At that very moment, Charles Maddox was sitting by the fire in Sir Thomas’s room. It was a noble fire over which to sit and think, and he had decided to afford himself the indulgence of an hour’s mature deliberation, before going in to dinner. He had not yet been invited to dine with the family, but such little indignities were not uncommon in his profession, and he had, besides, gathered more from a few days in the servants’ hall than he could have done in the dining-parlour in the course of an entire month. They ate well, the Mansfield servants, he could not deny that; and Maddox was a man who appreciated good food as much as he appreciated Sir Thomas’s fine port and excellent claret, a glass of which sat even now at his elbow. He got up to poke the fire, then settled himself back in his chair.

Fraser had completed his questioning of the estate workmen, and although he had assured his master that there was nothing of significance to report, Maddox was a thorough man, and wished to read the notes for himself. There were also some pages of annotations from Fraser’s interviews with the Mansfield servants. Maddox did not anticipate much of use there, either; he had always regarded both maids and men principally as so many sources of useful intelligence, rather than probable suspects in good earnest. Moreover, only the female servants had suffered that degree of intimacy with Miss Price that might have led to a credible motive for her murder, and he could not see this deed as the work of a woman’s hand. Stornaway, by contrast, had spent the day away from the Park, interrogating innkeepers and landlords, in an effort to determine if any strangers of note had been seen in the neighbourhood at the time of Miss Price’s return. Now that Maddox knew she had indeed eloped, it was of the utmost necessity to discover the identity of her abductor. If Stornaway met with no success, Maddox was ready to send him to London; it would be no easy task to trace the fugitives, and Maddox was mindful that the family had already tried all in its power to do so, but unlike the Bertrams, he had connections that extended from the highest to the lowest of London society; he knew where such marriages usually took place, and the clergymen who could be persuaded to perform them, and if a special licence had been required, there was more than one proctor at Doctors-Commons who stood in Maddox’s debt, and might be induced to supply the information he required.

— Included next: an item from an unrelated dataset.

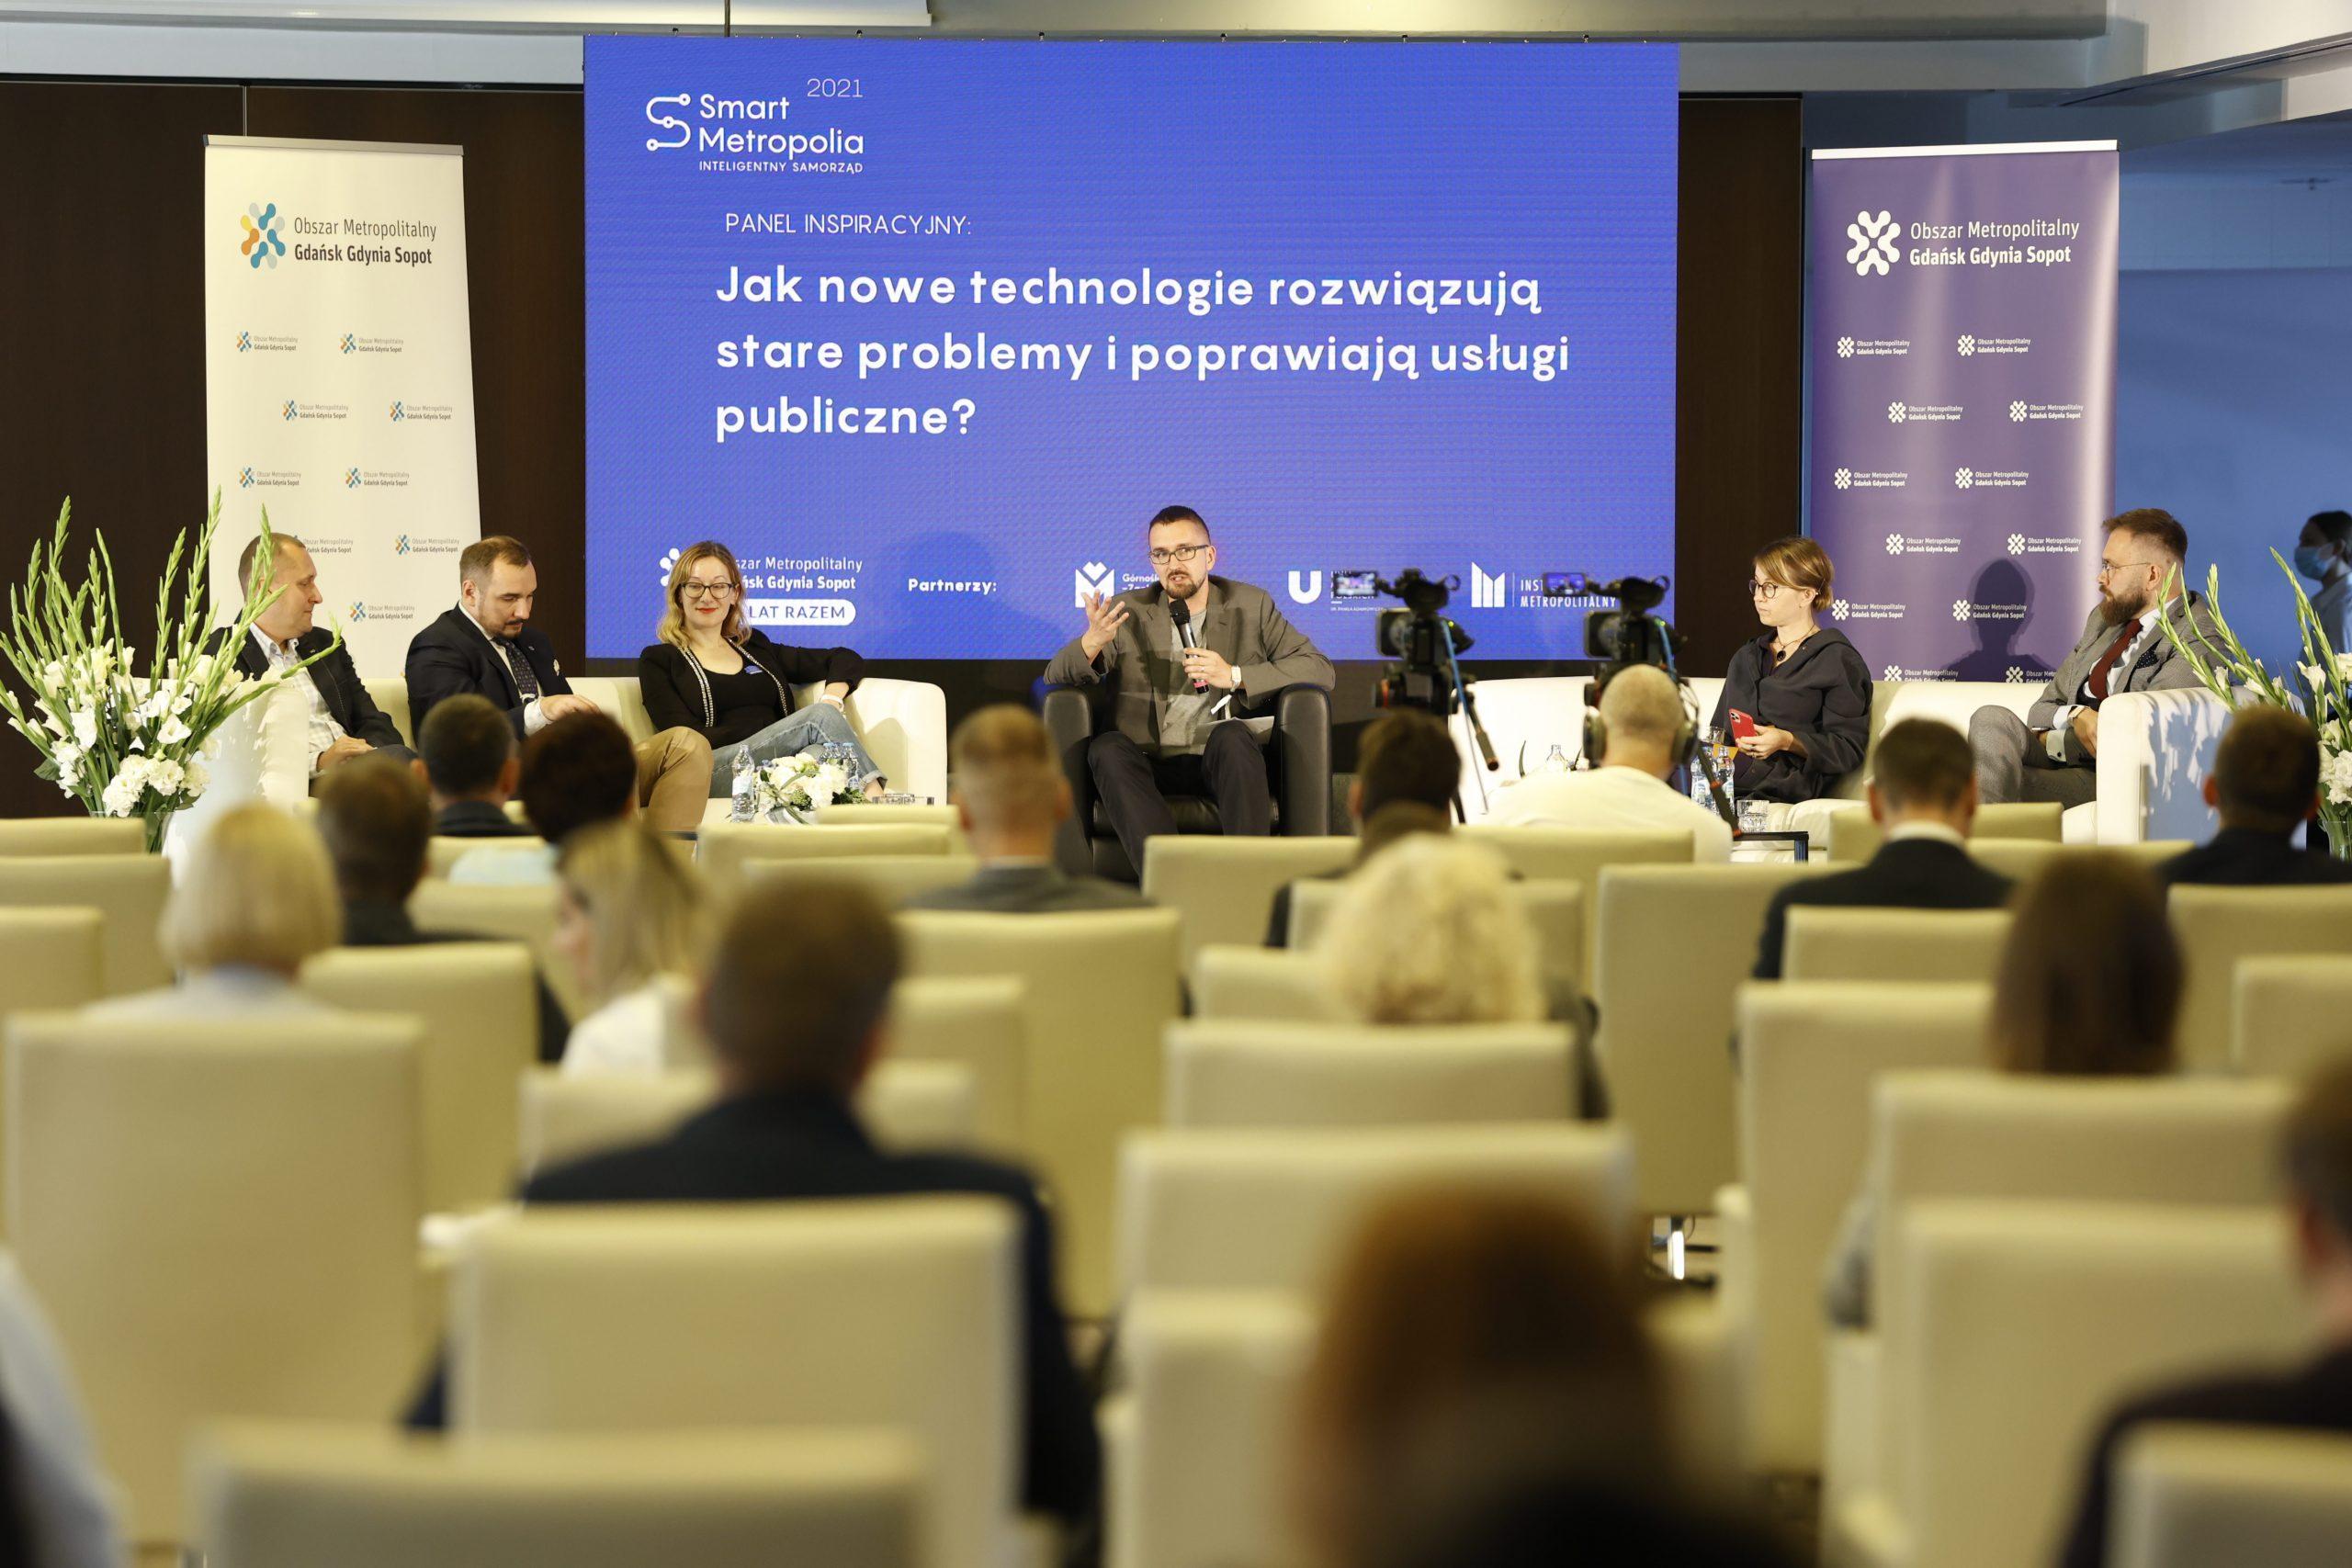 Wystąpienia podczas kongresu Smart Metropolia, który odbywa się w Arenie Gdańsk

It was little more than ten minutes later when the silence of the great house was broken by the sound of a commotion in the entrance hall. It was not difficult to distinguish Mrs Norris’s vociferous tones in the general fracas, and knowing that lady was not in the habit of receiving visitors any where other than in the full pomp and magnificence of the Mansfield Park drawing-room, he suspected something untoward, and ventured out to investigate the matter for himself. The gentleman at the door was a stranger to him, but first impressions were Maddox’s stock-in-trade. He prided himself on his ability to have a man’s measure in a minute, and he was rarely wrong.This man was, he saw, both weary and travel-soiled, but richly and elegantly attired. Maddox was something of a connoisseur in dress; it was a partiality of his, but it had also proved, on occasion, to be of signal use in the more obscure by-roads of his profession. He could, for example, hazard a reasonable estimation as to where these clothes had been made, by which London tailor, and at what cost. This was, indeed, a man of considerable air and address; moreover, the set of his chin, and the boldness of his eye, argued for no small measure of pride and defiance. Yet, in spite of all this, it piqued Maddox’s curiosity not a little to see that Mrs Norris accorded the newcomer neither courtesy nor common civility, and her chief object in leaving the sanctuary of the drawing-room for the draughtiness of the hall seemed to be to compel the footmen to expel the intruder without delay.